Overview
LLM2Vec is a Python toolkit and recipe for turning decoder-only large language models, such as Llama 3 or Mistral, into text encoders that produce sentence and document embeddings. It does this in three steps: enabling bidirectional attention, training with masked next token prediction (MNTP), and unsupervised contrastive learning. The result can be fine-tuned further for stronger retrieval and similarity performance.
It is aimed at engineers and researchers who already work with HuggingFace models and want embeddings from an LLM they trust, rather than a separate embedding model. The library wraps a base model so you can load it, optionally attach LoRA weights, and call a single encode method to get vectors.
As an embedding-model tool, LLM2Vec fits retrieval, clustering, classification, and semantic-similarity pipelines. The McGill-NLP team also publishes pre-converted checkpoints on HuggingFace, so you can use the embeddings without running the full training recipe yourself.
What it does
- Converts decoder-only LLMs (Llama 3, Mistral, Llama 2, Sheared-LLaMA, plus Gemma and Qwen-2) into text encoders
- Three-step recipe: bidirectional attention, masked next token prediction (MNTP), and unsupervised contrastive learning
- Loads base models and optional PEFT/LoRA weights through a from_pretrained wrapper over HuggingFace models
- Supports instruction-prefixed queries for asymmetric retrieval tasks
- Configurable pooling strategy (default mean) and max sequence length (default 512)

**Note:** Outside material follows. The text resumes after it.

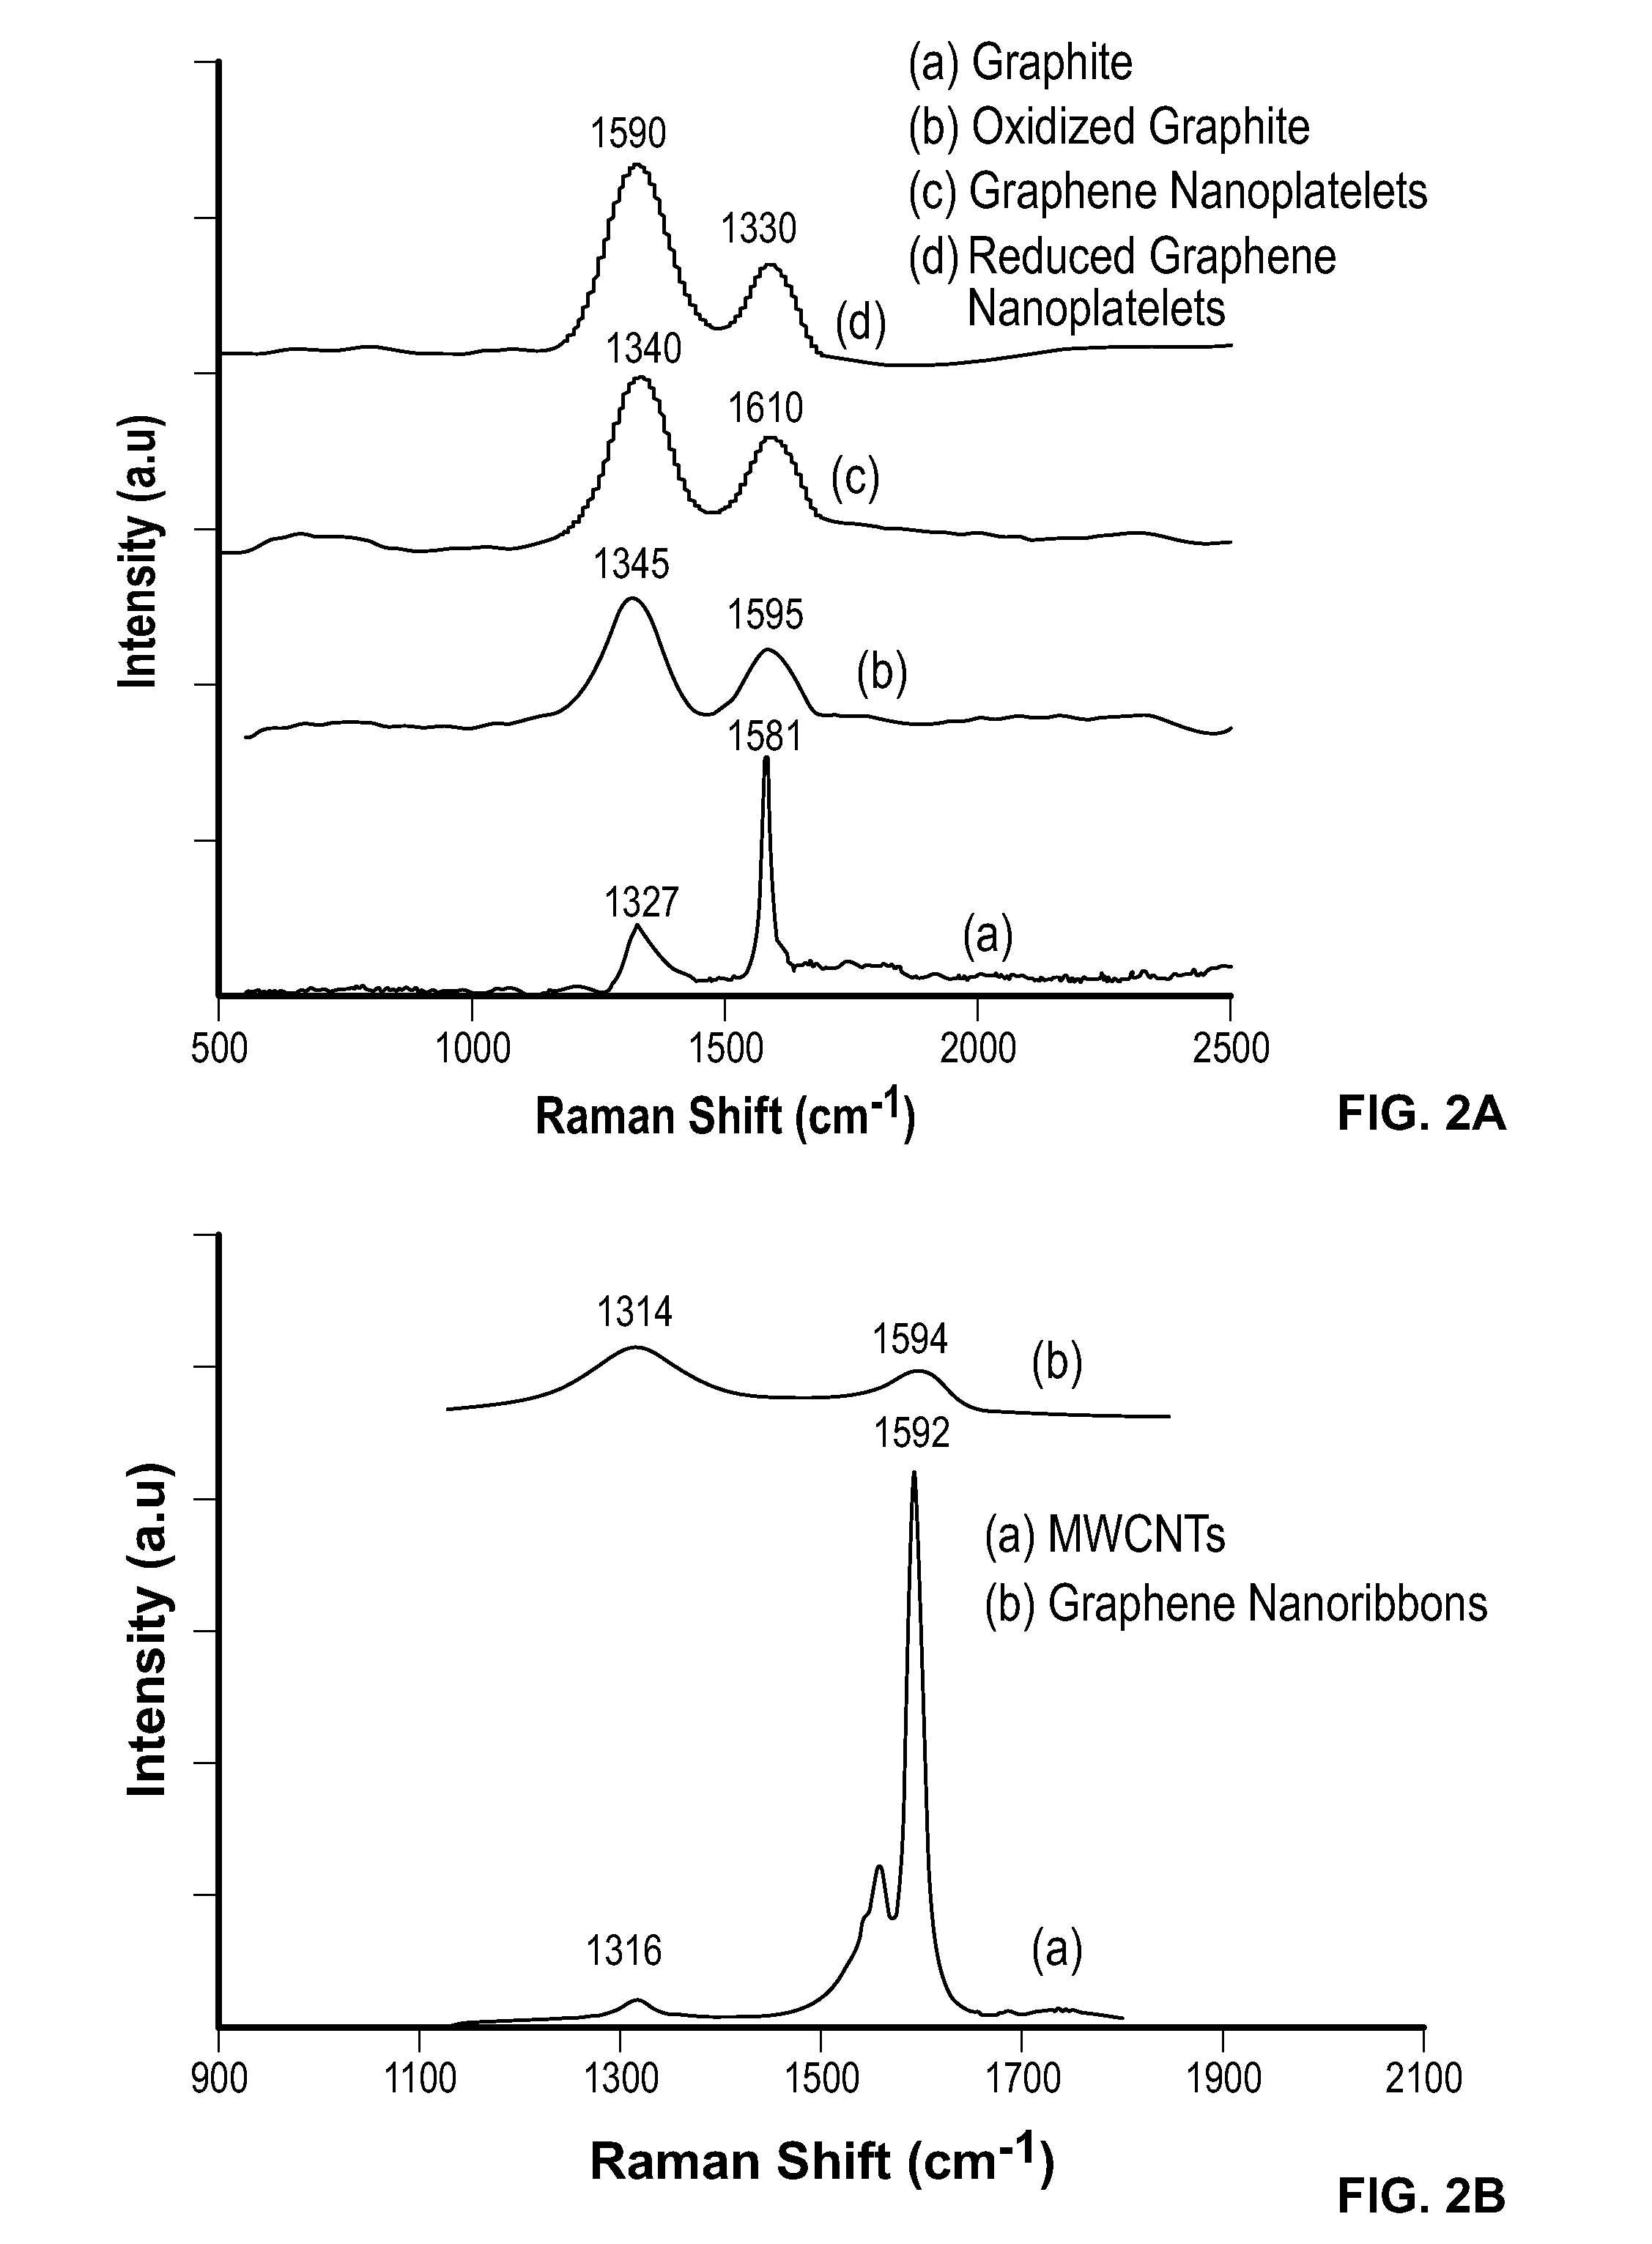 Magnetic graphene-like nanoparticles or graphitic nano- or microparticles and method of production and uses thereof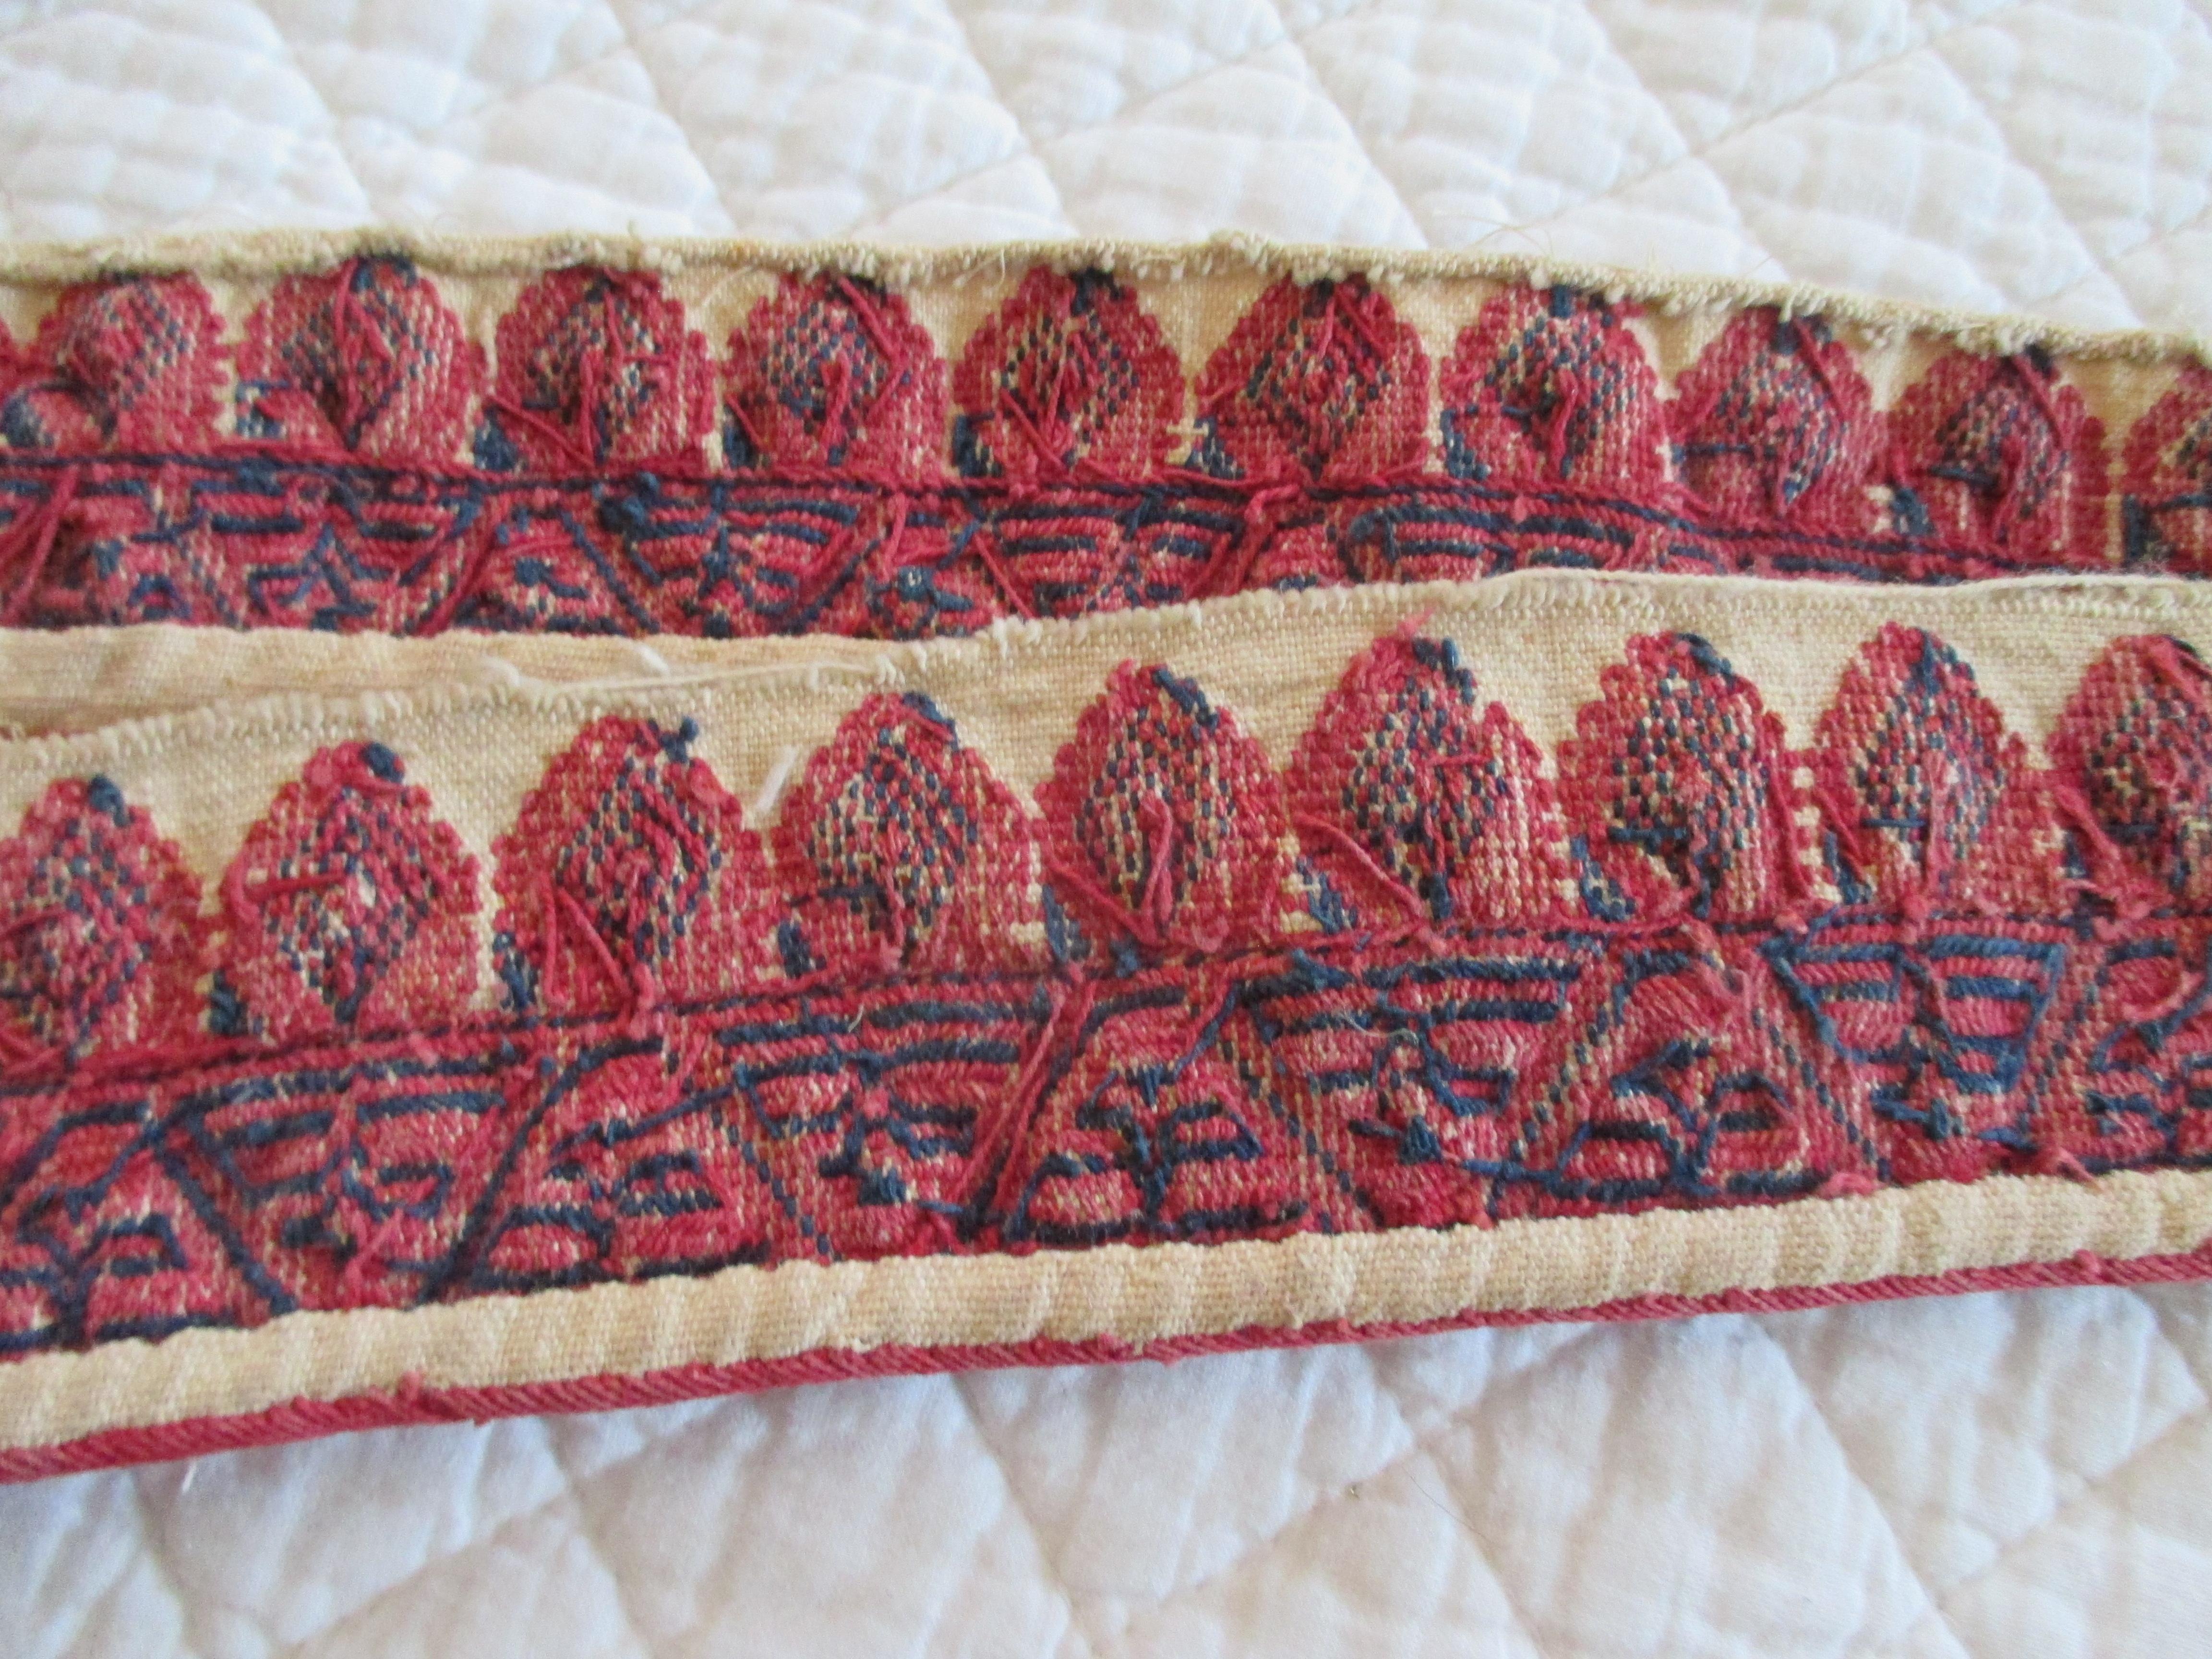 Nepalese Antique Red and Blue Woven Decorative Linen Trim

- Pre-trained supervised and unsupervised checkpoints published on HuggingFace
Getting started
Install the package from PyPI, then load a converted model and call encode to get embeddings.
Install LLM2Vec
Install the package from PyPI, followed by flash-attention.
pip install llm2vec
pip install flash-attn --no-build-isolationLoad a converted model
Use from_pretrained with a base MNTP model and optional LoRA weights. By default the model loads with bidirectional connections enabled.
import torch
from llm2vec import LLM2Vec
l2v = LLM2Vec.from_pretrained(
"McGill-NLP/LLM2Vec-Meta-Llama-3-8B-Instruct-mntp",
peft_model_name_or_path="McGill-NLP/LLM2Vec-Meta-Llama-3-8B-Instruct-mntp-unsup-simcse",
device_map="cuda" if torch.cuda.is_available() else "cpu",
torch_dtype=torch.bfloat16,
)Encode text
Pass plain texts, or [instruction, text] pairs for queries, then compute cosine similarity.
instruction = (
"Given a web search query, retrieve relevant passages that answer the query:"
)
queries = [
[instruction, "how much protein should a female eat"],
[instruction, "summit define"],
]
q_reps = l2v.encode(queries)
documents = [
"The CDC's average requirement of protein for women ages 19 to 70 is 46 grams per day.",
"The summit is the highest point of a mountain.",
]
d_reps = l2v.encode(documents)
q_reps_norm = torch.nn.functional.normalize(q_reps, p=2, dim=1)
d_reps_norm = torch.nn.functional.normalize(d_reps, p=2, dim=1)
cos_sim = torch.mm(q_reps_norm, d_reps_norm.transpose(0, 1))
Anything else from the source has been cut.